My adoptive father, whom I had been to Arizona to visit two weeks prior, had dropped dead from a stroke at the age of 79.
The feelings came fast and hard. I felt clear—no ambiguity this time, and it tore right through me. I dropped to the floor and sobbed.
The truth is though; I was not close to my adoptive father, either. He was a good person, well liked, but not a very good father. He was aloof, distant, unengaged, and often, he didn’t seem to care much about me, yet the pain I felt was real and genuine.
Ironically, one of the things I remember most about his funeral was when my adoptive mother told me not to cry.

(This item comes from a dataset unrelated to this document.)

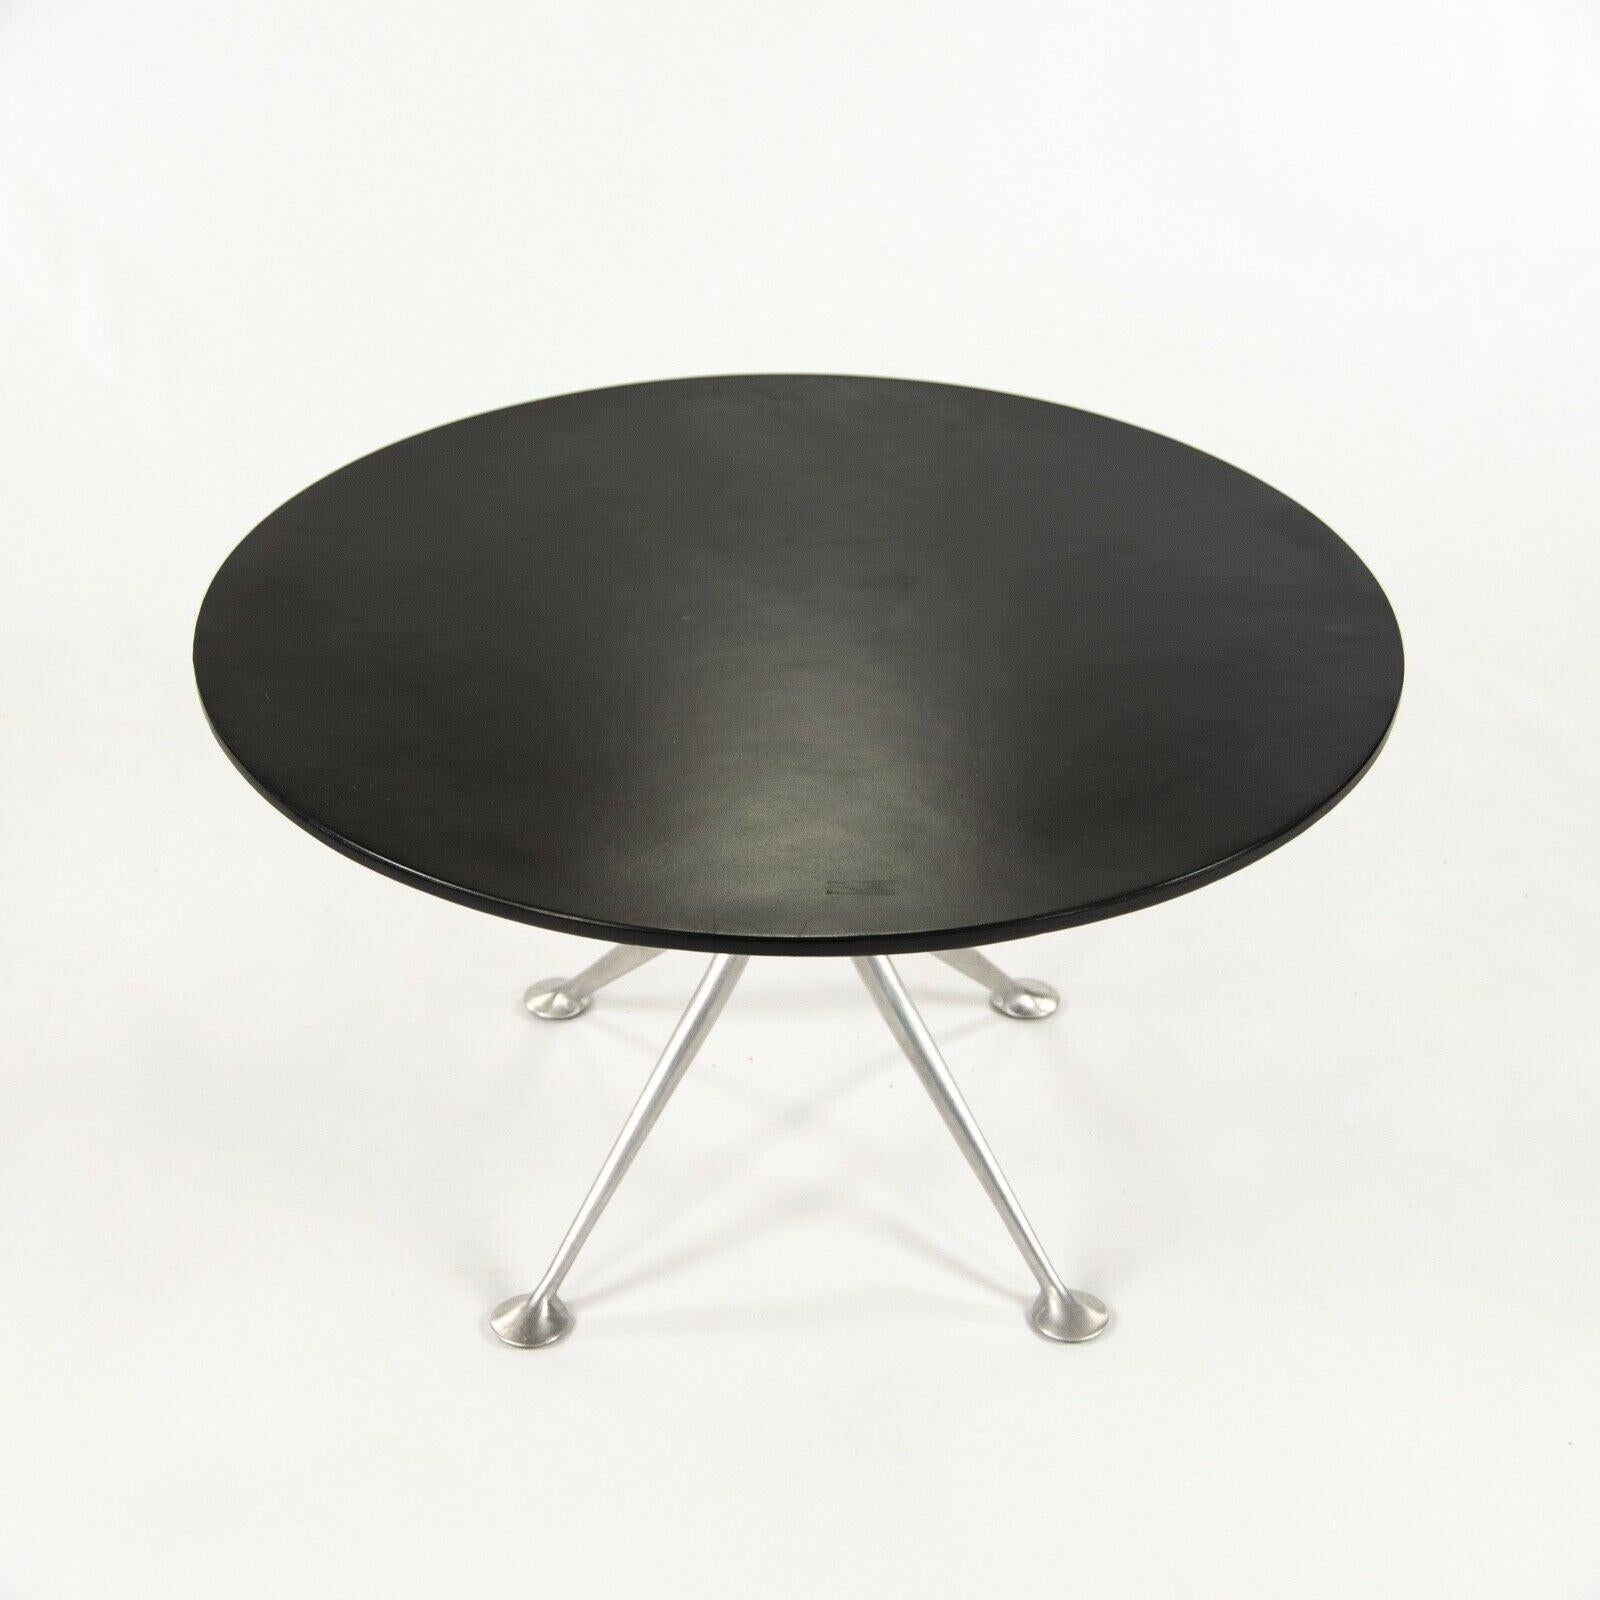 Modern 1967 Rare Alexander Girard & Charles Eames Coffee Table with Black Laminate Top For Sale

I was about to board a plane back to Michigan and I was worried about leaving her alone, without my father. My tears would not stop. She patted me on the shoulder and said, “Oh now, don’t cry.”

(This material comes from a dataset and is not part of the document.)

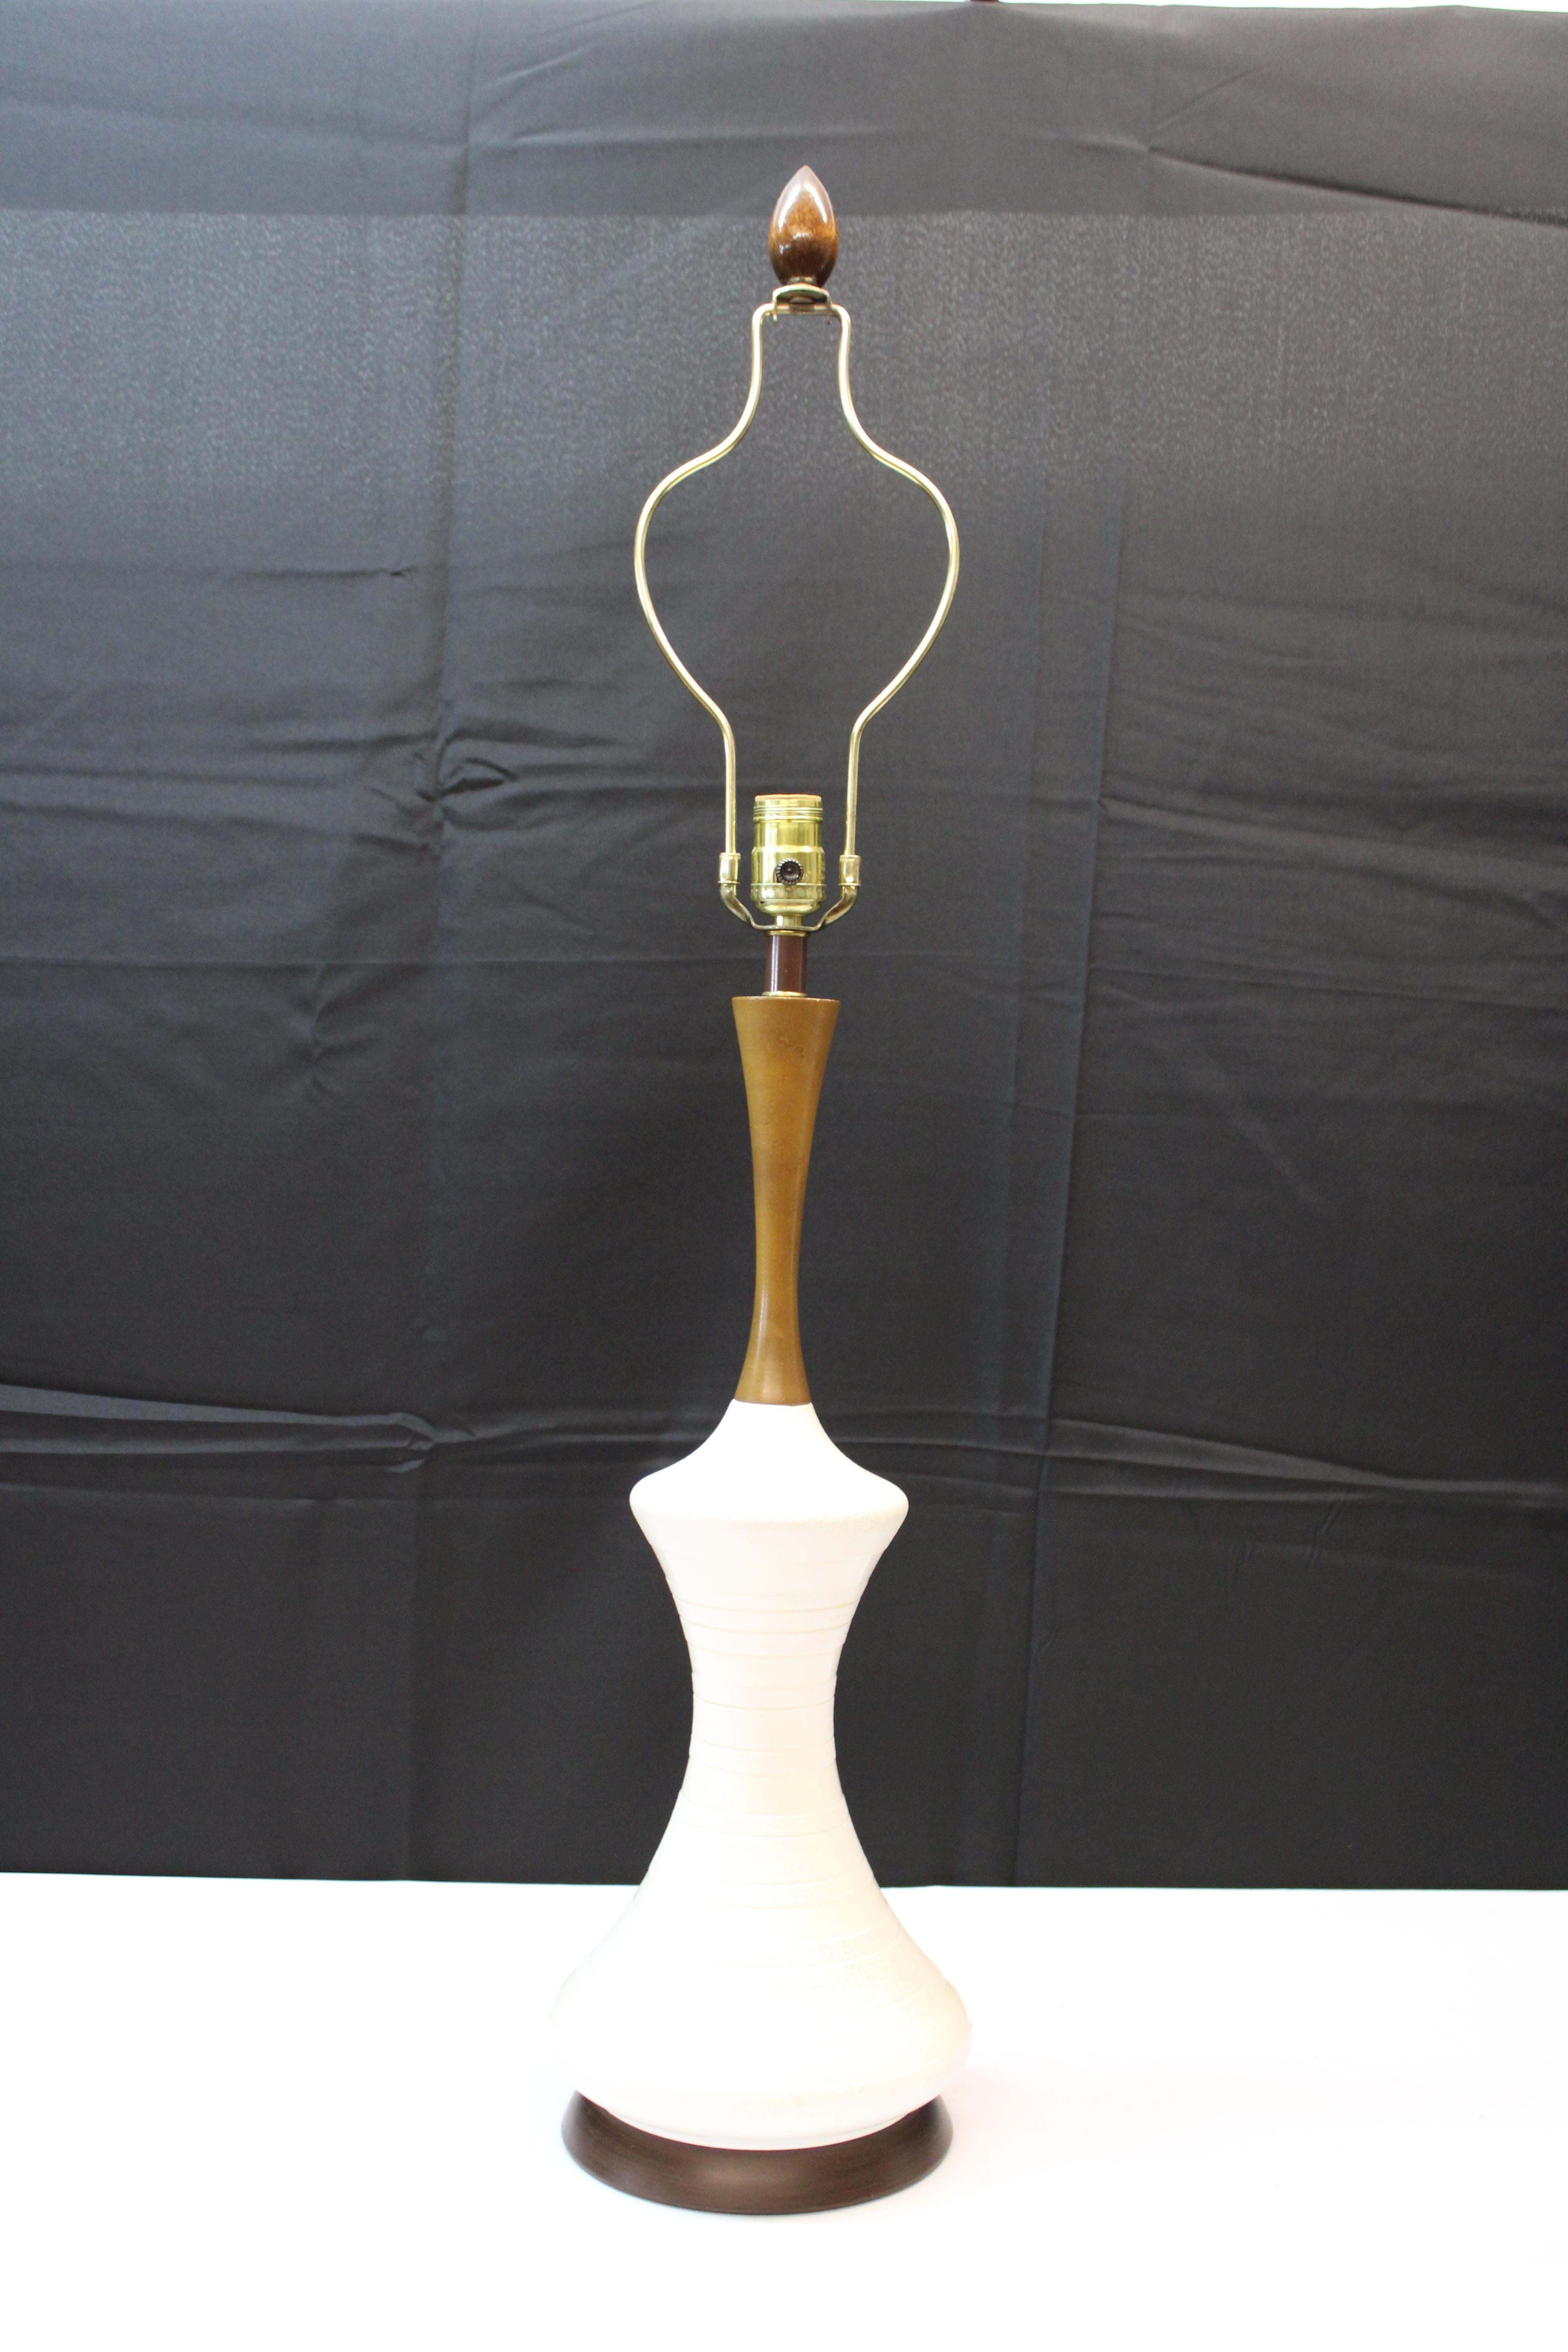 Other Pr Mid-Century Textured Ceramic Hourglass Shaped Lamps with Wood Finials For Sale

I thought Jesus Christ, if I’m not even allowed to cry now, when my father has died, will there ever be a time when it is okay for me to cry? But, good little adoptee that I was—I denied my feelings and I stopped crying.
That was a pivotal time in my life, and a very complicated one. Many things were changing, most of all me. I had two young daughters, my marriage was falling apart, and I was transitioning from an agency job to begin a private practice as a clinical social worker. It was a time I learned about choices.
A year later, I ended contact with my birth family. I was tired of pretending. I had already spent a lifetime doing that with my adoptive family, and that added stress had become too much to bear. The realization that I could never be privy to the memories that they shared was excruciating.
I had always felt sad after being with them for holidays and birthdays. After one visit in particular, my husband asked, “If you were not biologically related to these people, would you have anything to do with them?”
“Absolutely not,” I replied with certainty.
“Then don’t,” he said.
“That’s really an option?” I asked.
“Of course it is.”
In my mind, choosing my family relationships was never an option. Being adopted had meant that others decide whom I call family.
I had an epiphany last year when I read someone’s post in an online adoptee support group that I participate in. It said: “I did not ask to be adopted, nor did I want to be adopted. The whole thing did not work out very well for me at all. I do not owe anybody anything.”
Wow.
It was as though my blinders had been removed. I realized that I no longer had to try to navigate my very complicated relationship with my adoptive mother. I have always felt like I owed her something because she had taken me in and raised me.
All of my life, I had desperately struggled to fit with her, despite her callousness and emotional abuse, and I beat the hell out of myself when I did not. I would’ve never chosen to have a casual friendship with a person like my adoptive mother— much less have chosen her as a parent. Given the choice, I would have remained with my birth family—my clan.
I once read a quote by the Reverend Keith C. Griffith, MBE that said: “Adoption is the only trauma in the world where the victim is expected by the whole of society to be grateful.”
Today, after years of grappling with that trauma, I carefully choose who is part of my family—they are a select and exclusive few. The requirements for membership are simple: you must truly love, appreciate and unconditionally accept me for exactly who I am— and not who you need me to be; authenticity and genuineness are required; and trust is a must.